Elle était partie. Il ne pouvait chasser de son esprit cette simple et terrible pensée.
Cela ne devrait pas avoir d’importance. Il se l’était dit. La situation s’était même améliorée. Liza s’affairait dans la chambre en fredonnant tout bas… et depuis combien de temps ne l’avait-il pas entendue chanter ? Un an, deux, trois ? Il savait aussi – comment l’ignorer ? – que la joie de vivre retrouvée de son épouse s’expliquait par l’absence d’Anna. Et c’était très bien… non ?
Il pensa néanmoins : elle est partie.
Pris de sueur, il agita son blaireau dans la tasse et se recouvrit avec application le menton de mousse à raser.
Eh bien, se dit-il avec fermeté, ça n’a pas d’importance. Rien n’en avait dans cette histoire. Ni Anna Blaise, ni sa propre humiliation par Travis Fisher. Ainsi est la chair, pensa-t-il : c’est une femme, elle est partie. Cela arrive.
Mais, bizarrement, d’une certaine manière, ce n’était pas sur le plan sexuel qu’elle lui manquait. Il marqua un temps d’arrêt, se regardant dans les yeux par l’intermédiaire du miroir brisé, et s’autorisa à se souvenir.

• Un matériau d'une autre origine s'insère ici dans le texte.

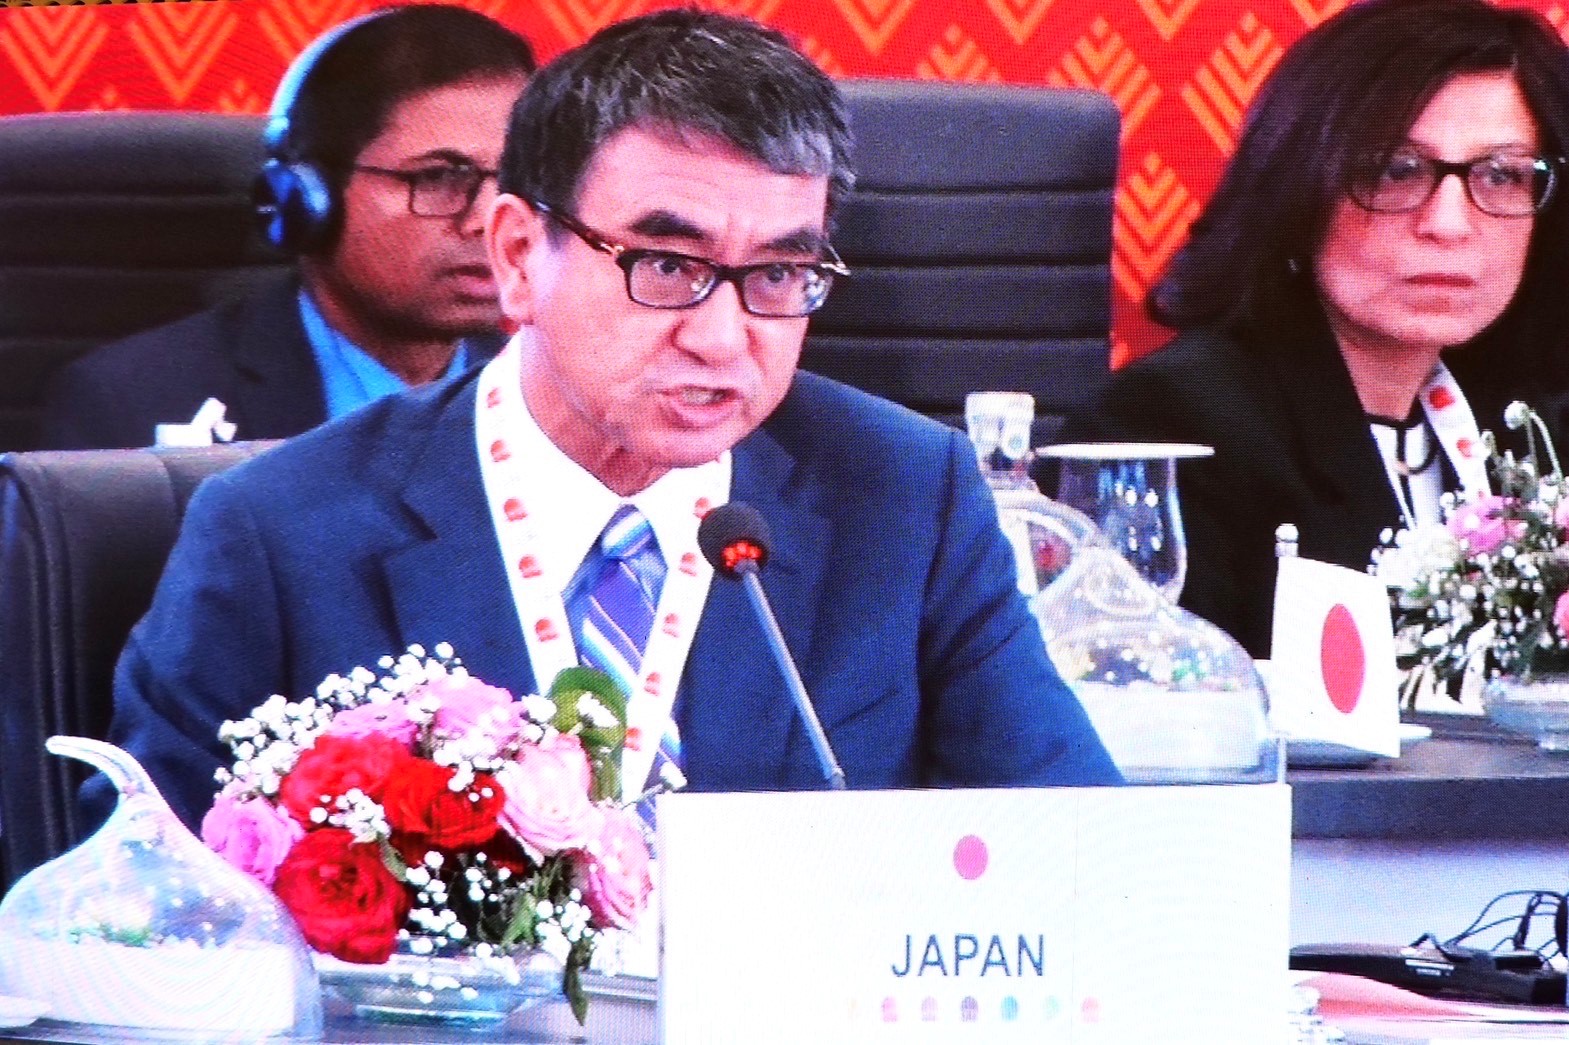 Minister Kono making remarks at the G20 Digital Economy Ministers Meeting.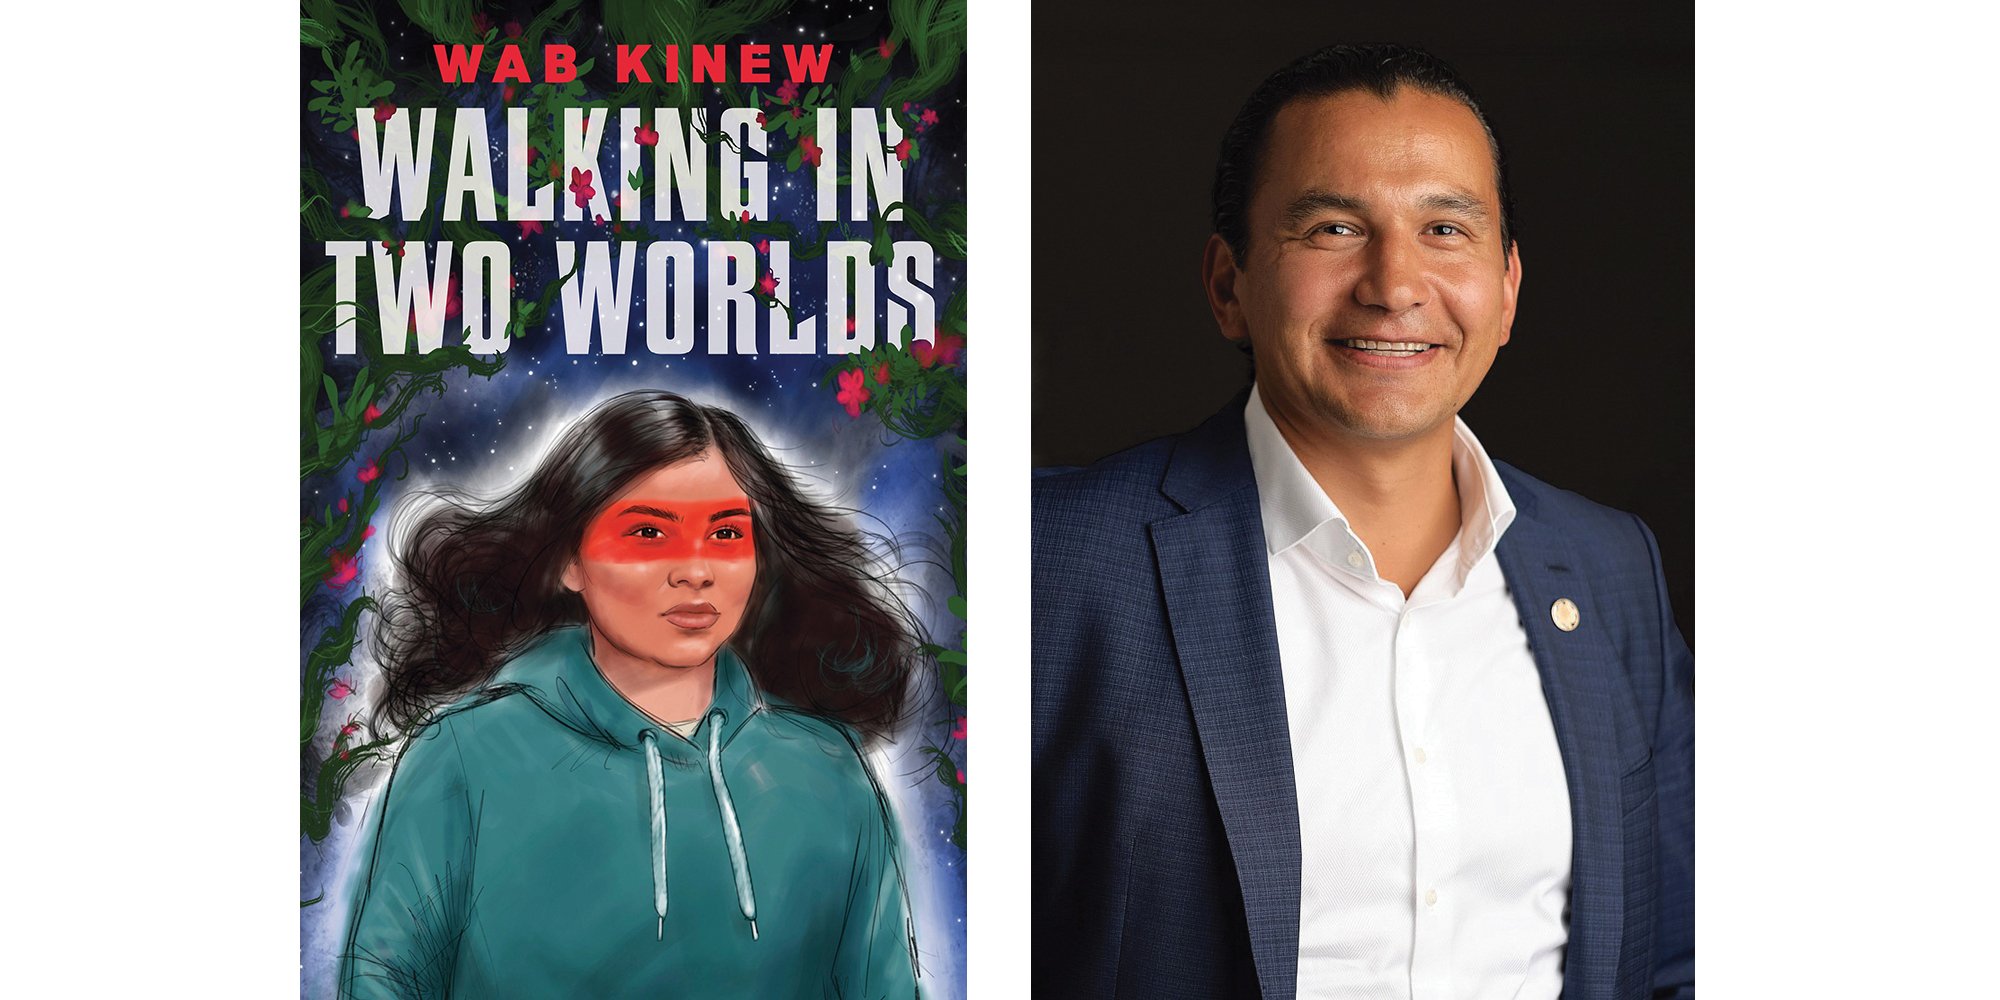 The cover of Wab Kinew's Walking in Two Worlds with a photo of the author

Avec elle, tout avait été différent.
Elle a en elle une douceur, se dit Creath en se remémorant le grain incroyablement lisse de sa peau contre la sienne. Il en avait pleuré malgré lui, cette douceur l’avait fait sangloter. C’était un plaisir qui s’insinuait profondément, qui remuait en lui des endroits secrets et le rendait conscient de tout ce qu’il avait perdu. Non seulement de l’échec de l’usine et des déboires de son mariage, mais d’une perte plus ample : dans les bras d’Anna, il sentait, avec trop d’acuité, le rétrécissement de la vie elle-même. Au début, pensa-t-il, on est une rivière qui coule à flots, mais la vie vous oppose ses barrages, ses encombrements et tous ces endroits arides et interminables. On perd en vitesse, en profondeur, en urgence, en désir. On finit filet d’eau dans le désert.